XRP: In-Kernel Storage Functions with eBPF

https://www.usenix.org/conference/osdi22/presentation/zhong

This paper details XRP, which uses eBPF to directly run logic in the Linux storage layer (similar to XDP and networking). The basic idea makes a ton of sense (modern SSDs are fast and syscall overhead can be pretty substantial), although I don’t have enough experience building high-performance database systems to say much about the actual API presented (or the technical limitations).

TBH, I’m a little surprised no one built this earlier (XDP is like 6 years old now!), but I’m glad it’s finally happening.

Finding missed optimizations through the lens of dead code elimination

https://ethz.ch/content/dam/ethz/special-interest/infk/ast-dam/documents/Theodoridis-ASPLOS22-DCE-Paper.pdf

This was a one of two really clever testing papers exploiting dead code optimization. The basic idea is that by inserting “markers” (i.e. special inline assembly instructions) into code, you can tell whether a compiler optimized out that entire basic block or not (e.g. because it was dead code). Then, by comparing two different compilers, you can find identify bugs (e.g. either one compiler is missing optimizations or one compiler is incorrectly optimizing out code). By randomly generating C code using C-Smith and repeating many many times, you get yourself an automated bug finder.

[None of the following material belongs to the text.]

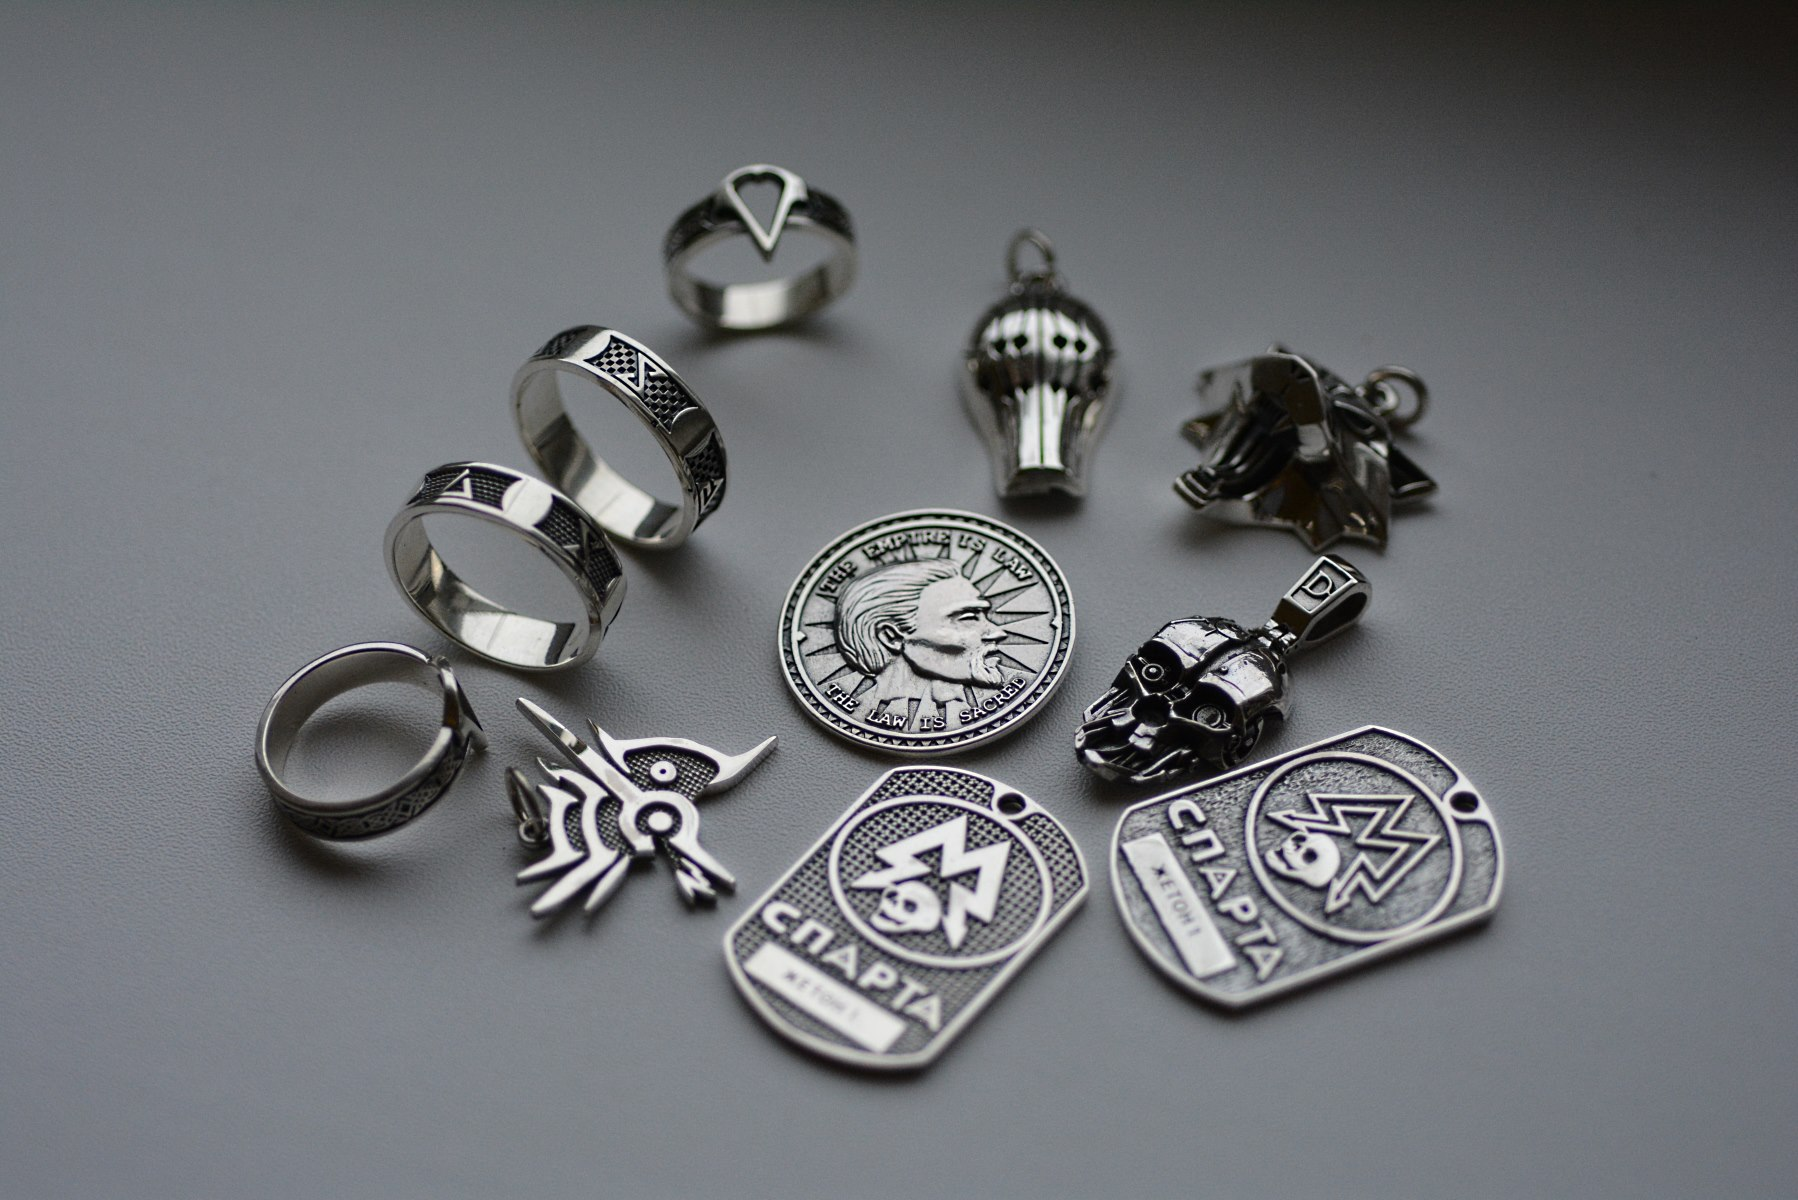 gemer jewelry worldofjewelcraf123344

A nice, clever idea to identify bugs.

Compiler validation via equivalence modulo inputs

https://web.cs.ucdavis.edu/~su/publications/emi.pdf

This is a 2nd approach to finding compiler bugs – the basic idea is to:

  1. Generate random C programs (e.g. using C-Smith)
  2. Execute those programs on random inputs while collecting code coverage
  3. Identify dead-code of the program for those inputs
  4. Arbitrarily mutate that dead-code (in this paper, they just delete dead code) and then re-execute the new program on the same input.

As long as your mutations avoid introducing undefined behavior, any mismatch in steps 2 and 4 are indicative of a bug.

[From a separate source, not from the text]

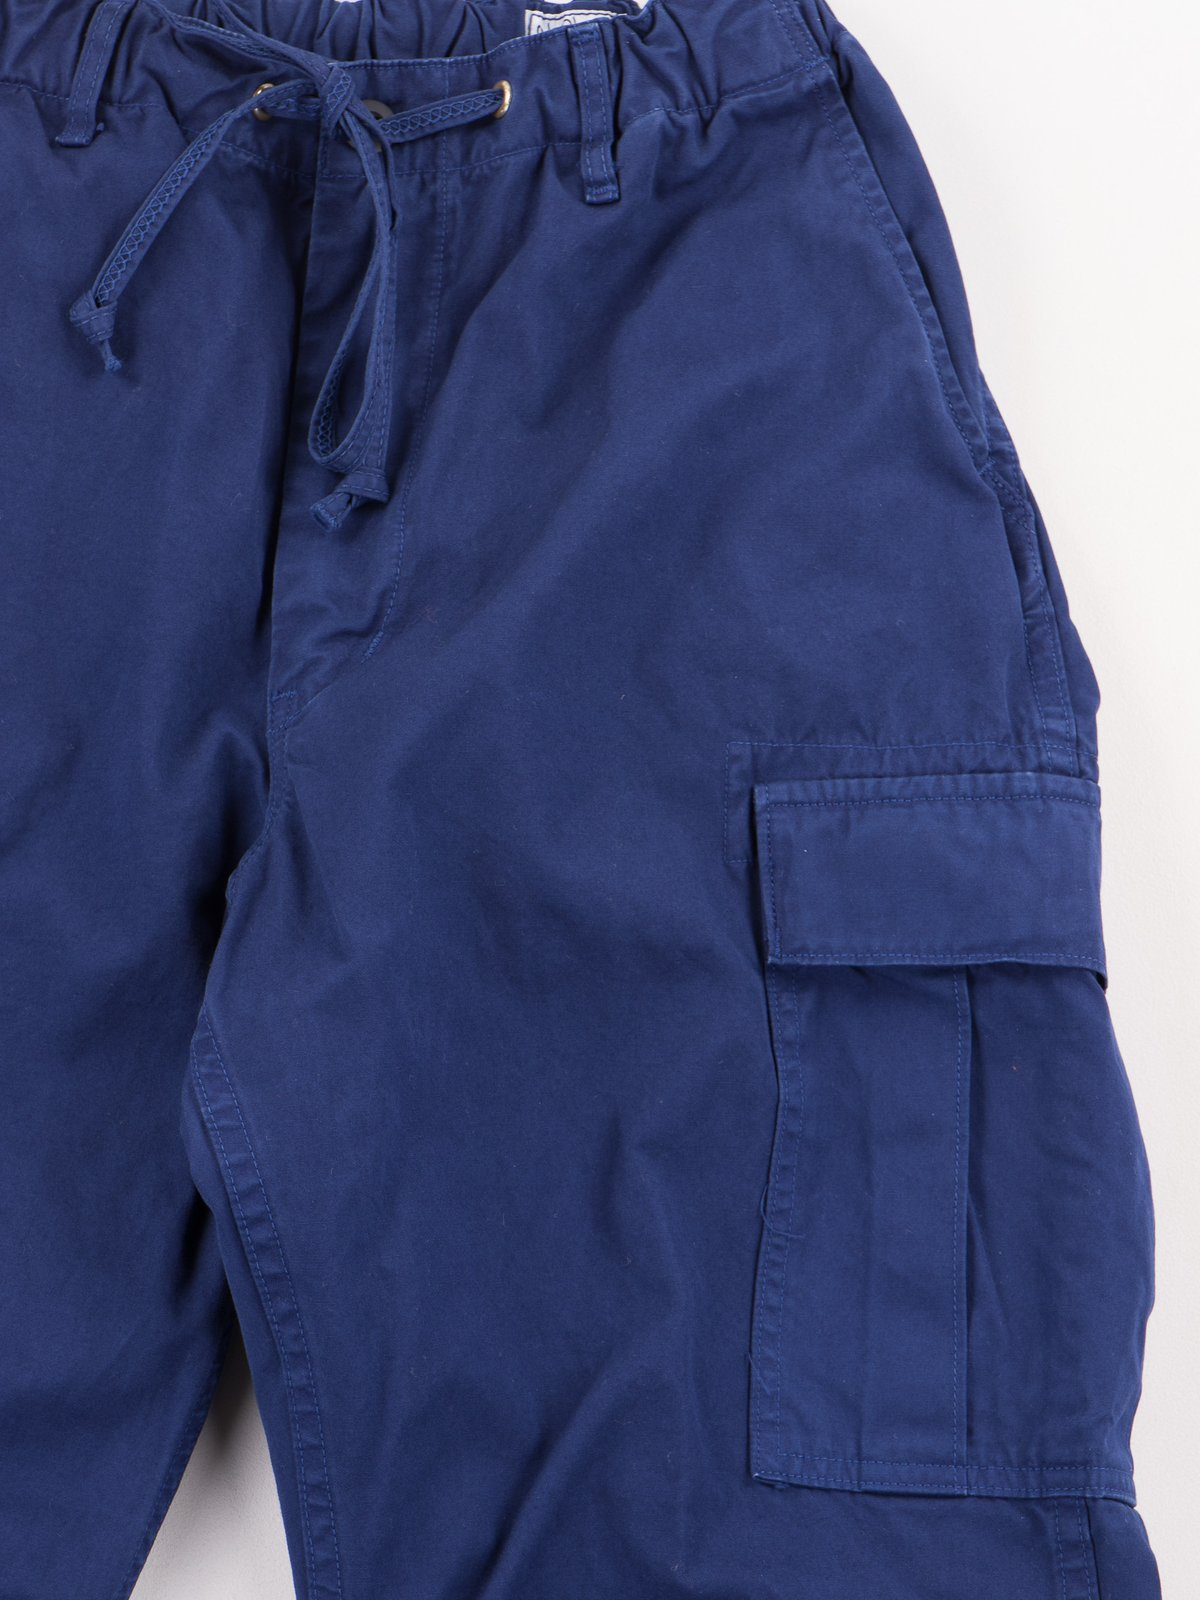 Ink Blue Poplin Easy Cargo Pant - Image 5

I think this was a fairly clever idea, but found the paper itself to be weirdly obfuscated and unclear. They spent a lot of time with formal definitions that IMO really weren’t necessary and didn’t contribute much.

Using Lightweight Formal Methods to Validate a Key-Value Storage Node in Amazon S3

https://dl.acm.org/doi/10.1145/3477132.3483540

A nice experience report about how Amazon tests S3 about how they used property based testing + fault injection to better test S3. It was fun to read, but nothing really stood out to me as particularly novel (a lot of it just seemed like straightforward property based testing against a known oracle). I think the most interesting thing was the degree to which they used “default” random test case generators and minimization heuristics – the fact that those worked out so well is another good evidence that they’re pretty well-tuned at this point.

I did find the title slightly amusing – as someone who does a ton of property based tests at work, I have never described it as a “lightweight formal method”, but maybe I should start!